However, the final link remains open. The Skill ecosystem is currently in invite-only testing, with 'large-scale adoption' lacking quantitative support in official statements. In a Wukong beta test case involving an auto repair shop, the owner paid RMB 5,000 monthly for approximately 100 new customers. While this represents a technically verifiable business model, it remains far from reaching the scale reported in financial narratives.

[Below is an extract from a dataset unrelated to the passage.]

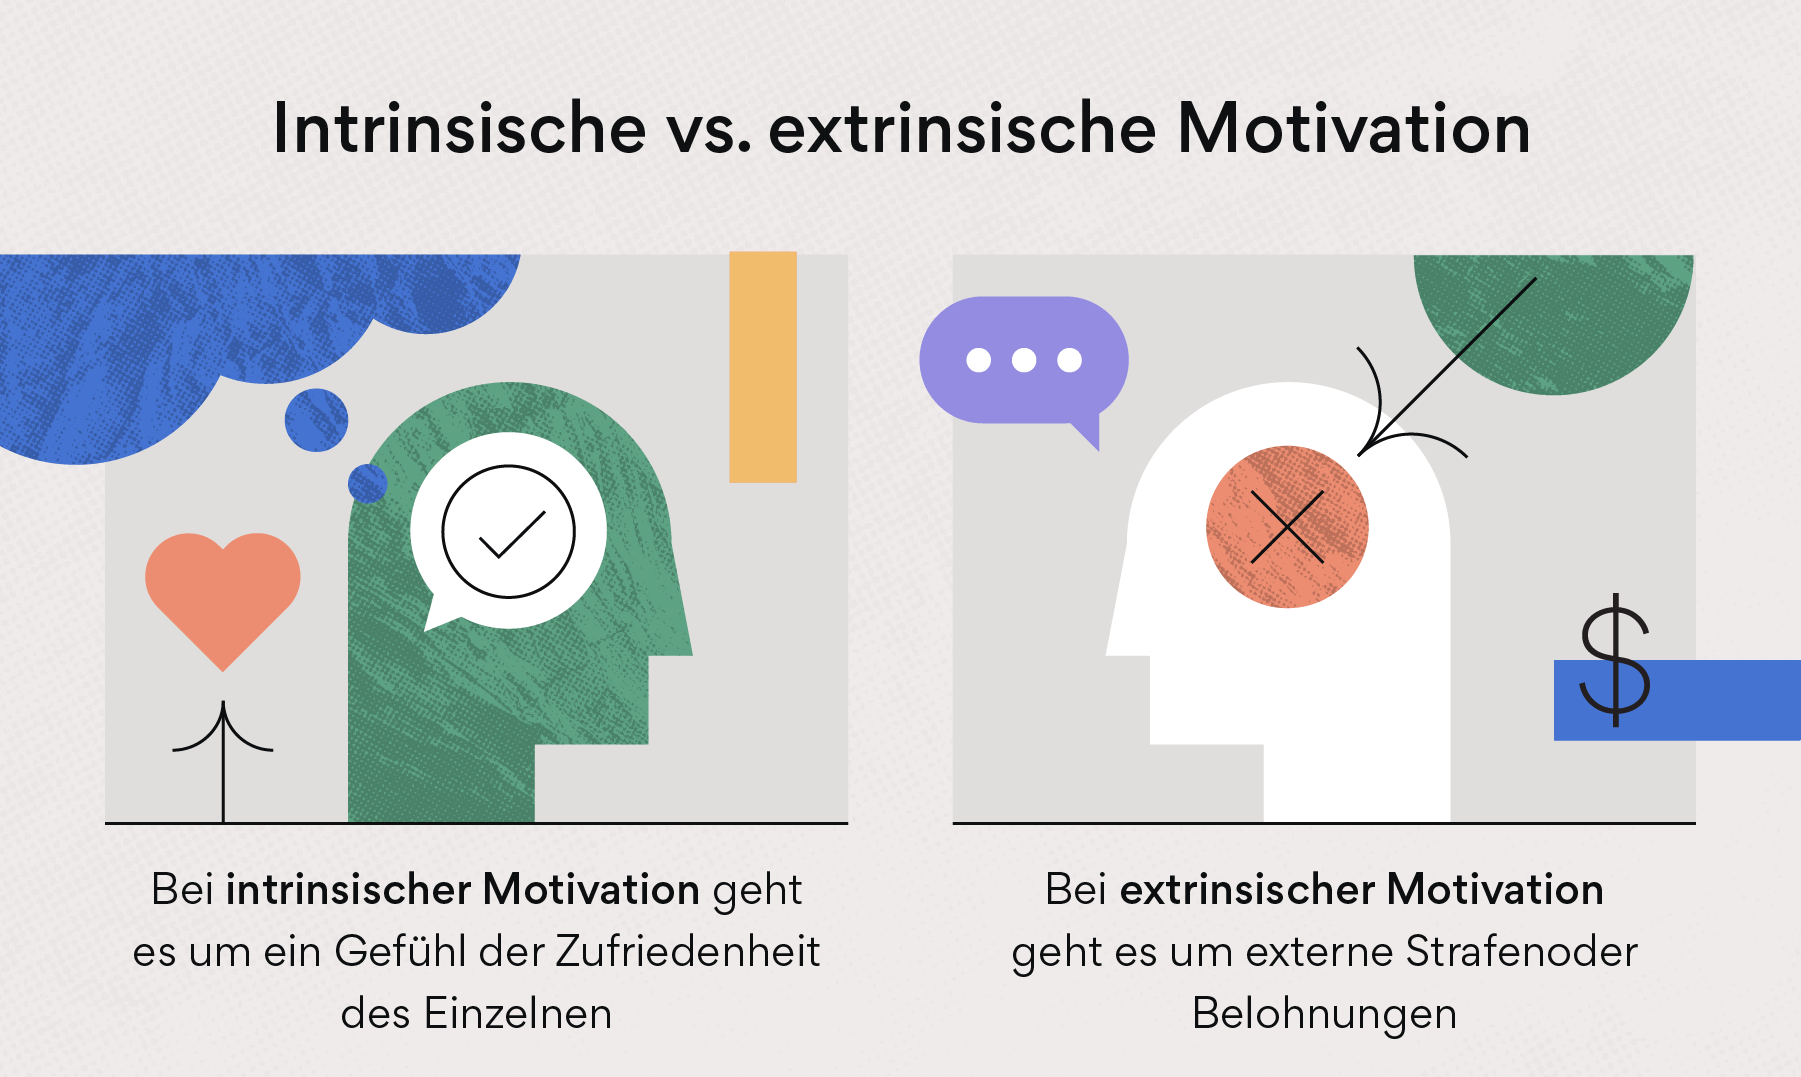 Intrinsische Motivation vs. extrinsische Motivation

Two hurdles stand between individual paid cases and disclosable scale: first, whether the Skill ecosystem can effectively cover sufficient industry scenarios; second, the budgeting cycle for enterprise AI expenditures, or how long it takes for trial costs to become fixed operational expenses. No public data exists for these variables, making them uncertainties in the closed-loop narrative.

The Q4 financial report answers whether 'AI can generate revenue.' What DingTalk must answer is whether 'this revenue can be sustained.' However, this question was not explicitly raised during the earnings call. A more practical reason may be that Alibaba has not yet clearly delineated revenue responsibilities between DingTalk and Wukong in external narratives: questions about gateways, products, and commercialization remain difficult to frame stably for outsiders.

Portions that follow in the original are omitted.